We’re Stronger Together
In the aftermath of the murder of George Floyd, the City responded to protestors by lifting the bridges that cross the Chicago river and shut off the downtown area known as “The Loop”. As a result, it sent boiling over tensions into Chicago’s neighborhoods. As confrontations and violence escalated, New Life and other street outreach organizations went into crisis mode. Little Village street organizations took formation to defend neighborhood stores from property damage but instead quickly escalated racial tensions in the highly segregated city. To prevent further violence, repair harm, and take accountability, New Life worked with others across the city to put on a 400 person peace rally in the neighborhood where they put on programming, barbecued, and distributed “stronger together” t-shirts with the outline of the whole city behind the slogan.
Like in many other MBK cities, New Life pairs their direct programming with systems change work in order to improve the communities wellbeing. They are one of four anchor organizations of Justice Rising, an initiative which aims to transform the juvenile justice system in Chicago. They worked to close down St. Charles and Warrenville juvenile justice centers, and work to create alternatives to youth detention, address disproportionate minority contact, and decrease criminalization of students’ in schools and increase restorative justice practices.
Through it all, MBK acted as a connecting force and support for staff. The MBK Covid Relief Fund led to a Harlem Children’s Zone grant specifically for staff care, deeply needed to support each other through the intensity of the work and the personal impact of staff losing parents to covid or burying youth participants who fell victim to violence. The experiences that MBK brought to New Life and its youth participants were invaluable. Youth attending NBA All-Star Games, meeting celebrities like Steph Curry, President Obama, or John Legend, are transformed by the access and experience. “To be part of MBK was to have somebody in your corner who wants to see your agency succeed,”reflected Executive Director of New Life Matt DeMateo. The networking made it feel “like having a bigger team, like there’s colleagues in the fight with you.”
Returning to the reality of the street-level work New Life operates, Estrada concludes, “We have a long way to go toward peace but we’re taking the right steps and building the right relationships… What policymakers can do is listen more deeply to the young people and the frontline organizations.” DeMateo adds, “The answers to the neighborhood’s challenges should come from the neighborhood.”

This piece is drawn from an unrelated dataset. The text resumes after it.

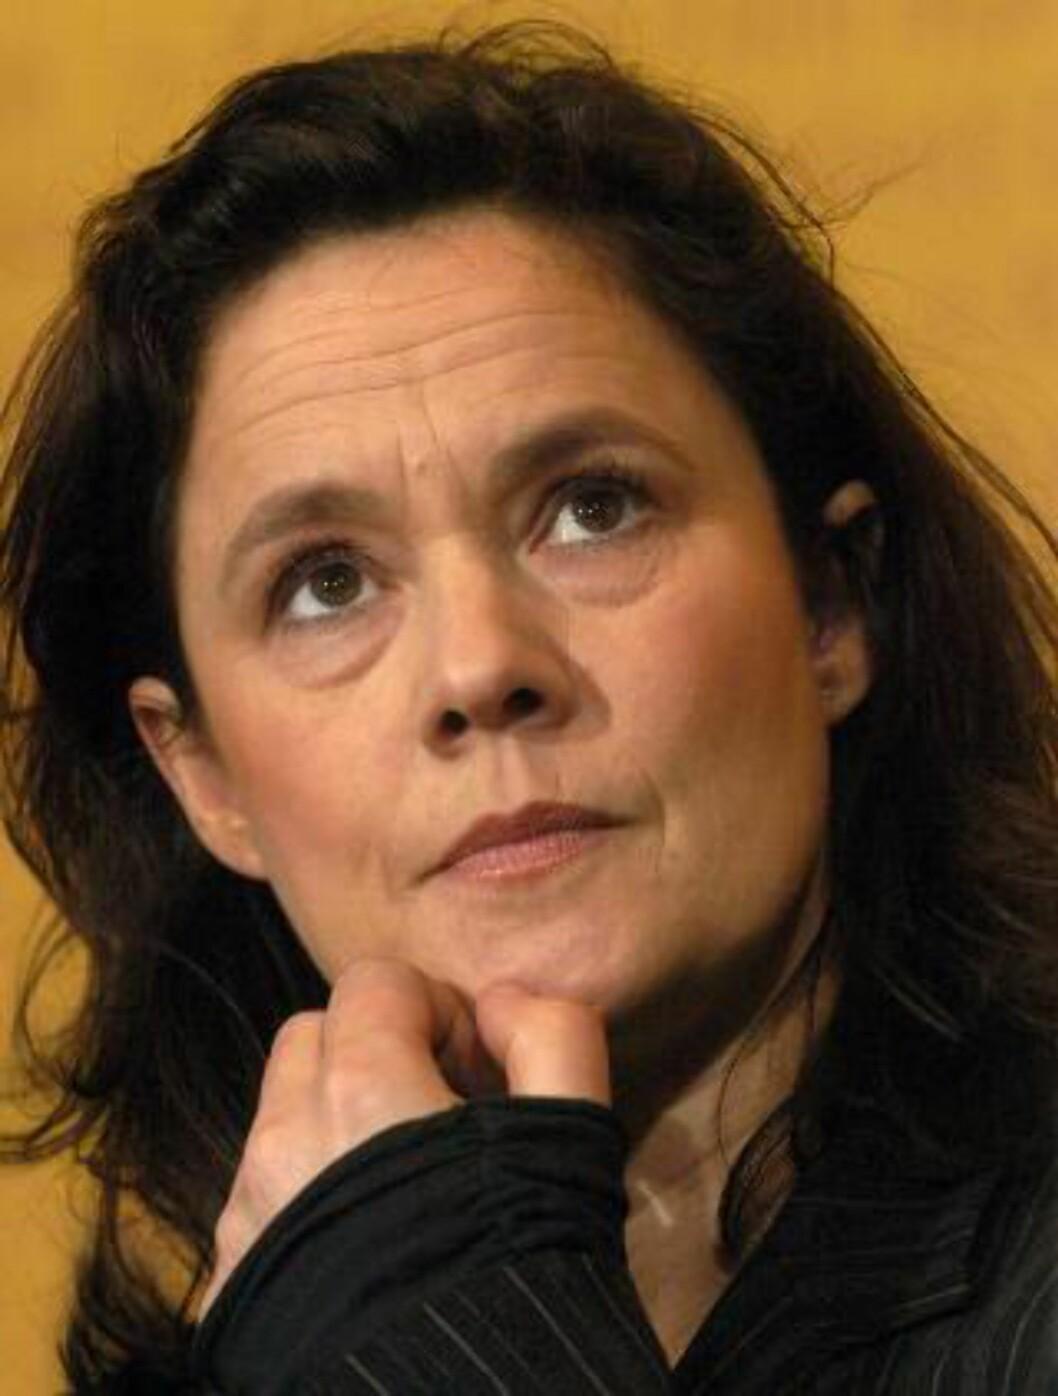 <strong>NOMINERT:</strong> Pernilla August regidebuterte i fjor med «Skyggesiden». Nå er den nominert til Nordisk Råds filmpris. EPA/Andreas Altwein

New Life Centers of Chicagoland, NFP, Chicago, IL
New Life Centers’ Urban Life Skills program targets youth ages 12-to-24 in two demographics: gang-involved or justice-involved youth on probation and youth referred through local schools, community agencies, and the Illinois Department of Juvenile Justice and Cook County Jail, providing them with mentoring, street outreach, violence mediation, intervention services, and street-based counseling. In the midst of the pandemic, New Life Centers has expanded its program offerings to include providing food to more than 400 families a week.